Study for vocal orchestra, percussion and piano (1961)
The work was commissioned by the Committee for Commissions, Purchases of Works of Art and Art Scholarships at the Ministry of Culture and Art. It is a concert version of incidental music to a production of Sophocles’ Oedipus the King directed by Ludwik René at Teatr Dramatyczny in Warsaw (1961). The Study – dedicated to René – was premiered six months after the theatrical presentation. It is scored for a 28-member vocal ensemble (7 sopranos, 7 altos, 7 tenors and 7 basses), percussion (6 performers) as well as celesta and piano (serviced by one musician). The work consists of 12 parts, numbered by the composer: I, II, III, IV, V, VI, VII, VIII, IX, X, XI, XII. Its progression is clearly in three stages, with an exposition of the material, its transformation and reprise.
In Baird’s creative output the Study is the first composition so unequivocally sonorist.
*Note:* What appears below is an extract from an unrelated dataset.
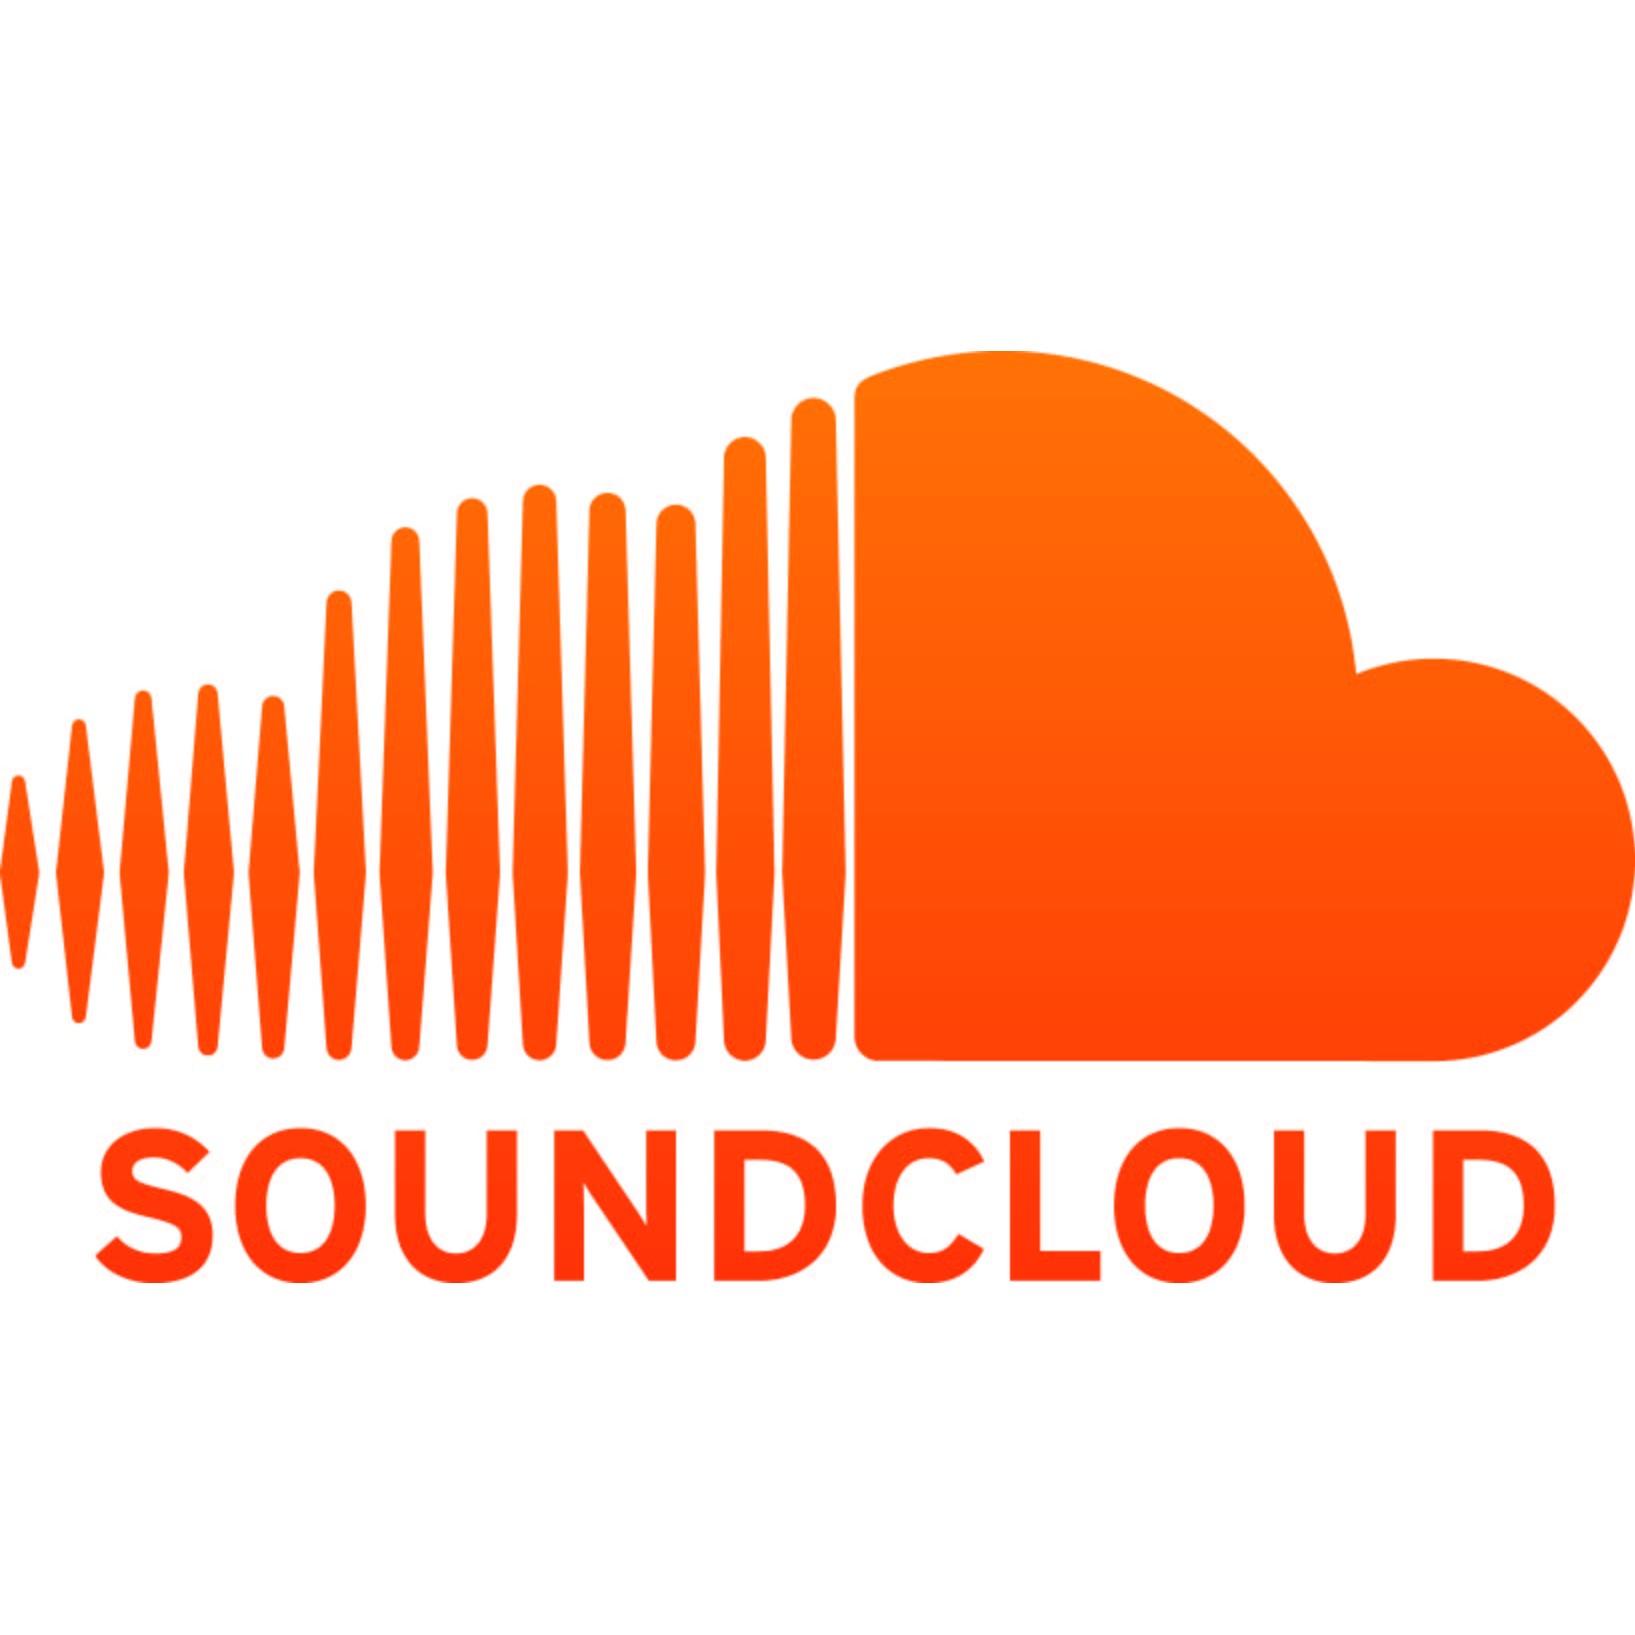 soundcloud_logo.jpg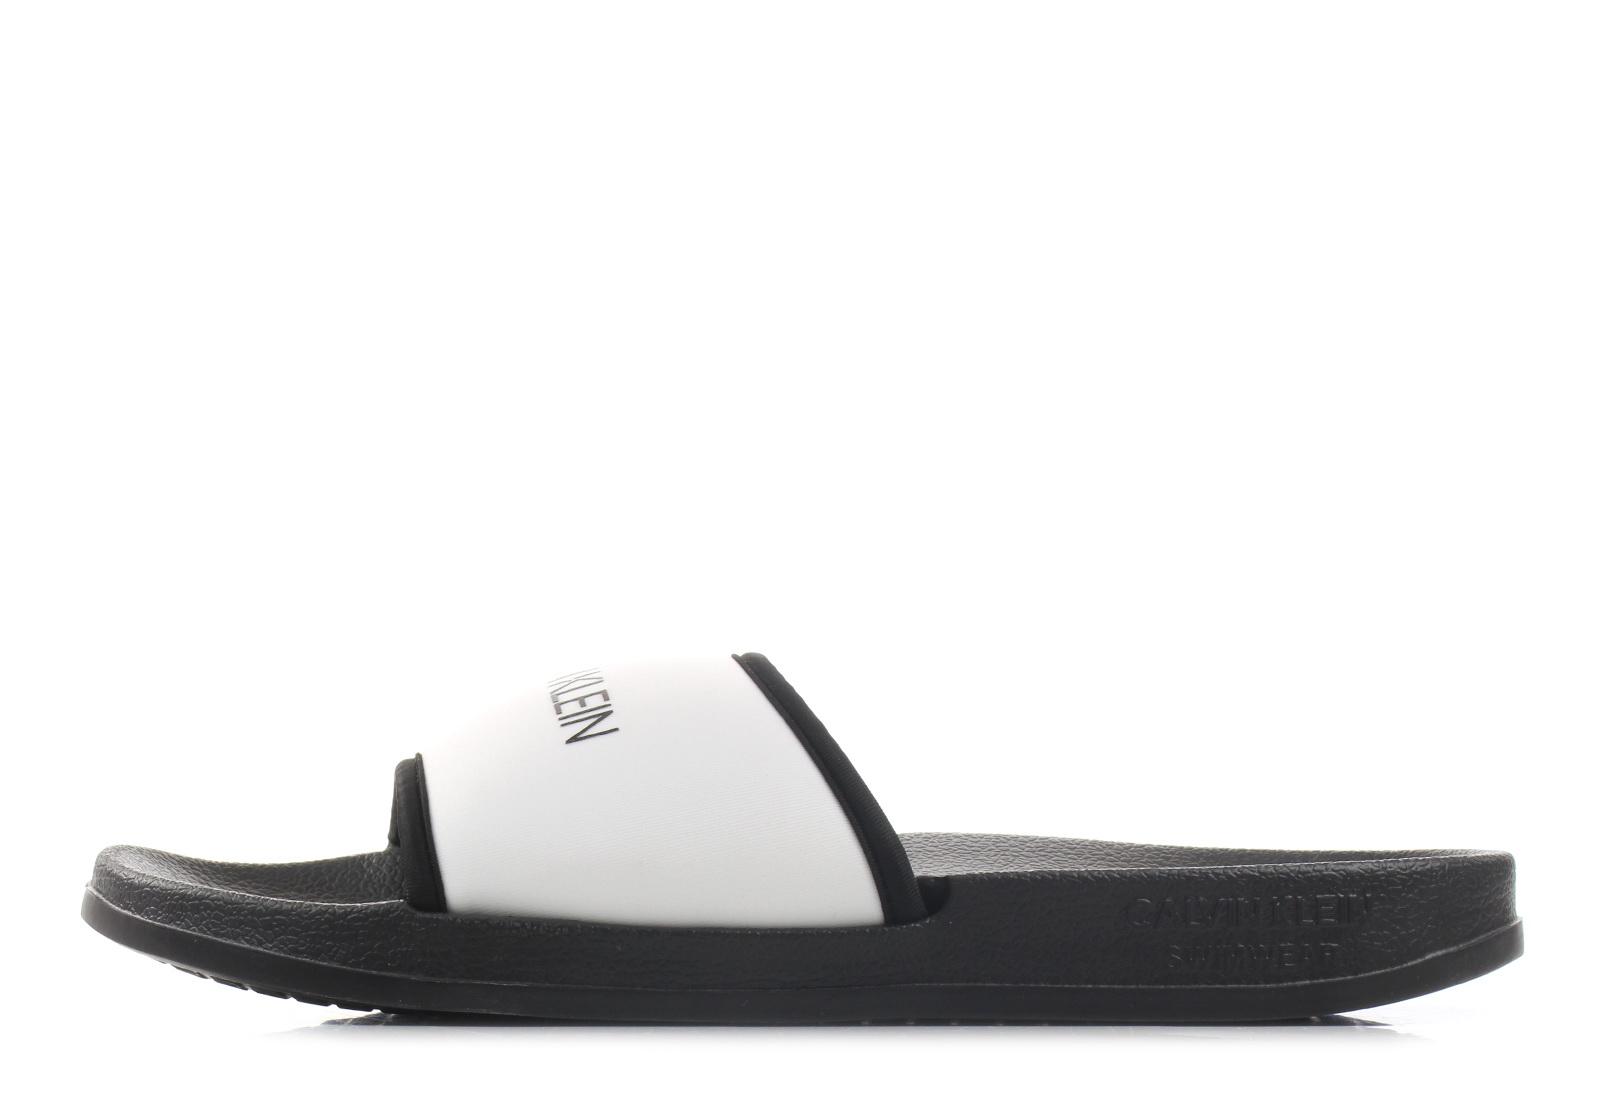 ac09f1bc15 Calvin Klein Swimwear Papucs - Core Neo Plus - KW00780-100 - Office ...

It is based on full twelve-note material as well as unspecified pitches obtained not only from the right percussion instruments, but, above all, thanks to an unconventional treatment of voices and instruments. The vocal part is devoid of any text; the singers hiss, articulate various sounds, use the parlando and Sprechgesang technique, and clap. The instruments, too, sound unconventional – thanks to the use of a rich array of drumsticks (percussion instruments) and non-traditional use of the piano (parts II, X, XII). The title of the composition clearly indicates its nature – it is a sonorist etude (exercise), in which each of the three performer groups is equal. The Study is one of the lesser known compositions by Baird, probably because of its theatrical origins. As Tadeusz Kaczyński wrote:
The Etude cannot be treated on a par with the main concert works of the author of the Four Essays. Also because this type of expression betrays all too clearly the “foreign origins” of the piece.